10X scRNA-Seq Pipeline

../_images/scrna.png

The 10x scRNA-Seq pipeline involves demultiplexing, alignment, filtering, and UMI counting.

Steps:

  1. Umitools (https://github.com/CGATOxford/UMI-tools) is used to extract valid reads by checking cell barcode list. By default, input sequence, is found on only the R2 side of the reads are sent to split process.
  2. Fastq files are then splitted by the desired number of reads in each chunk (eg. 2000000) in order to enhance the speed of the alignment. Splitted fastq files are then aligned by STAR and merged by samtools.
  3. Next, a python script (countUniqueAlignedBarcodes_fromFile.py) counts the number of aligned reads from each cell barcode and saves the counts to a file.
  4. In the next step, a Python script (filter_lowCountBC_bam_print.py) uses the file produced in the previous step to remove the reads in the bam files from cell barcodes with fewer than a predefined cutoff value of alignments (eg. 3000) to reduce both memory requirements and output file sizes in the remaining steps.
  5. ESAT then aligns exonic reads to annotated transcripts, uses the UMIs to remove PCR duplicates and creates a UMI distributions table containing the number of reads aligned to each transcript for each cell for each UMI. Then, a python script (cleanLowEndUmis.py) identifies singletons (UMIs from a transcript in a cell with only a single alignment) and merges them with multi-count UMIs if they differ by only a single base in order to reduce overcounting transcripts in high-expression genes and reduce noise in low-expression genes.
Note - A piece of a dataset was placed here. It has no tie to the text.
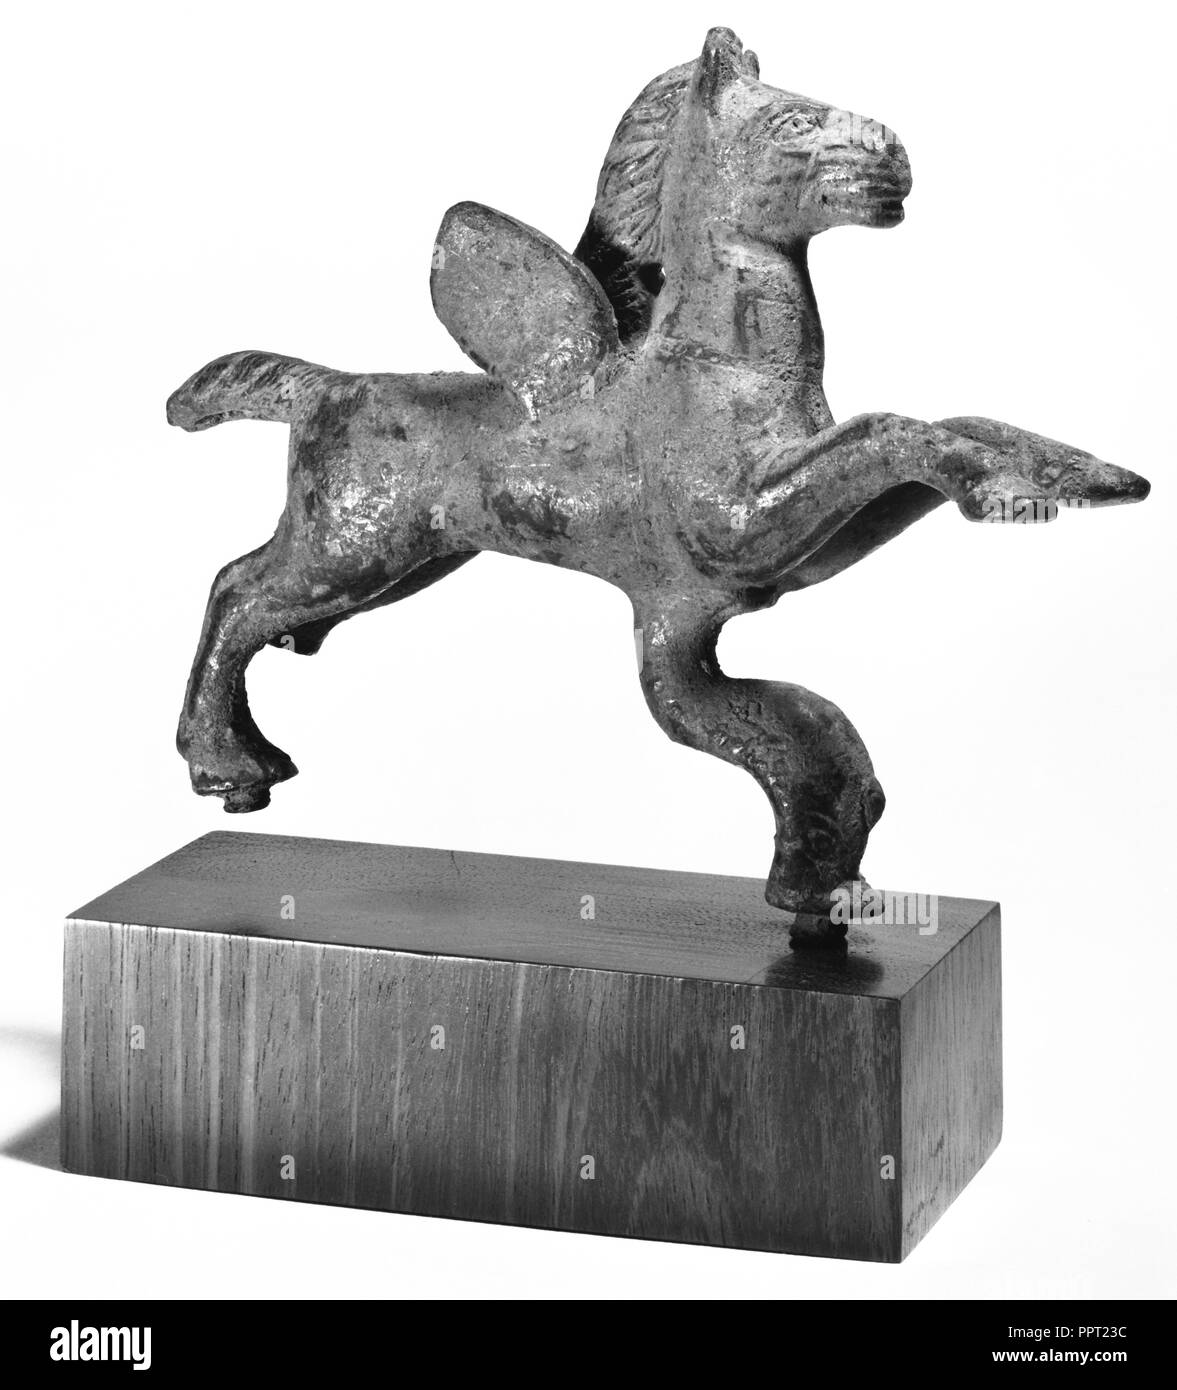 Furniture Support of Pegasus with Dolphin; Roman Empire; 2nd - 3rd century; Bronze; 10 × 12.3 cm, 3 15,16 × 4 13,16 in Stock Photo
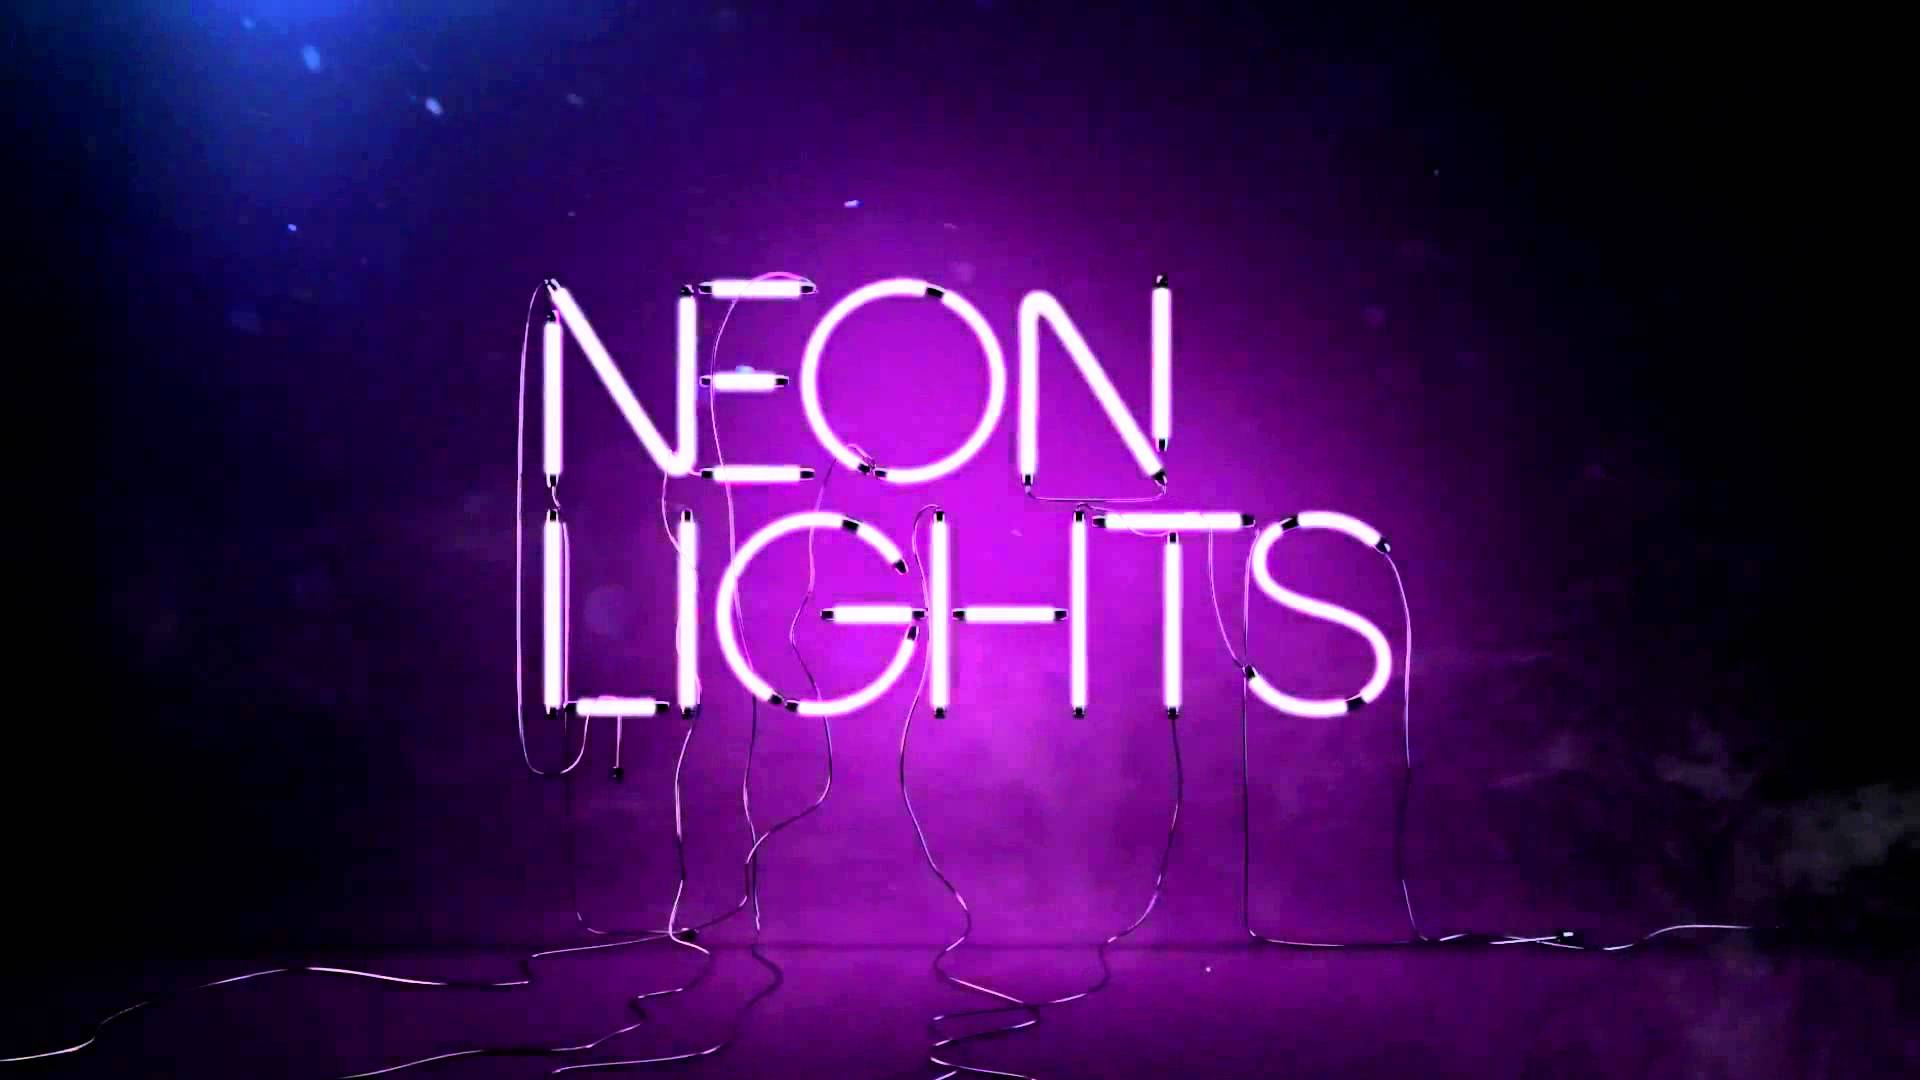 Neon Lights, HD Creative, 4k Wallpapers, Image, Backgrounds, Photos

This step produces the final output matrix of genes x cells used for downstream analysis and visualization.
  6. Finally, the summary metrics to describe sequencing quality and various characteristics of the detected cells are reported such as the number of cells, the mean reads per cell, and the median genes detected per cell.

Outputs:

  • UMI table: The output file (*_umiClean.txt) is tab separated Gene/Transcript vs Cell Barcode matrix filled with count data as shown at below.
gene ATCAATCGCGAACCGA ACCCTCAACTCAAACA ACTCATACCCGGAAAT
RNF14 0 0 0
MZT2B 0 2 8
SPN 12 3 4

piPipes

piPipes is a set of pipelines developed in the Zamore Lab and ZLab to analyze piRNA/transposon from different Next Generation Sequencing libraries such as small RNA-seq, RNA-seq, Genome-seq, ChIP-seq, CAGE/Degradome-Seq. Please see their Wiki pages (https://github.com/bowhan/piPipes/wiki) for the original content.

These pipelines are loaded to DolphinNext to facilitate their usage. An singularity image is provided (shub://UMMS-Biocore/piPipes_singularity) where all the neccessary programs are installed to execute the piPipes.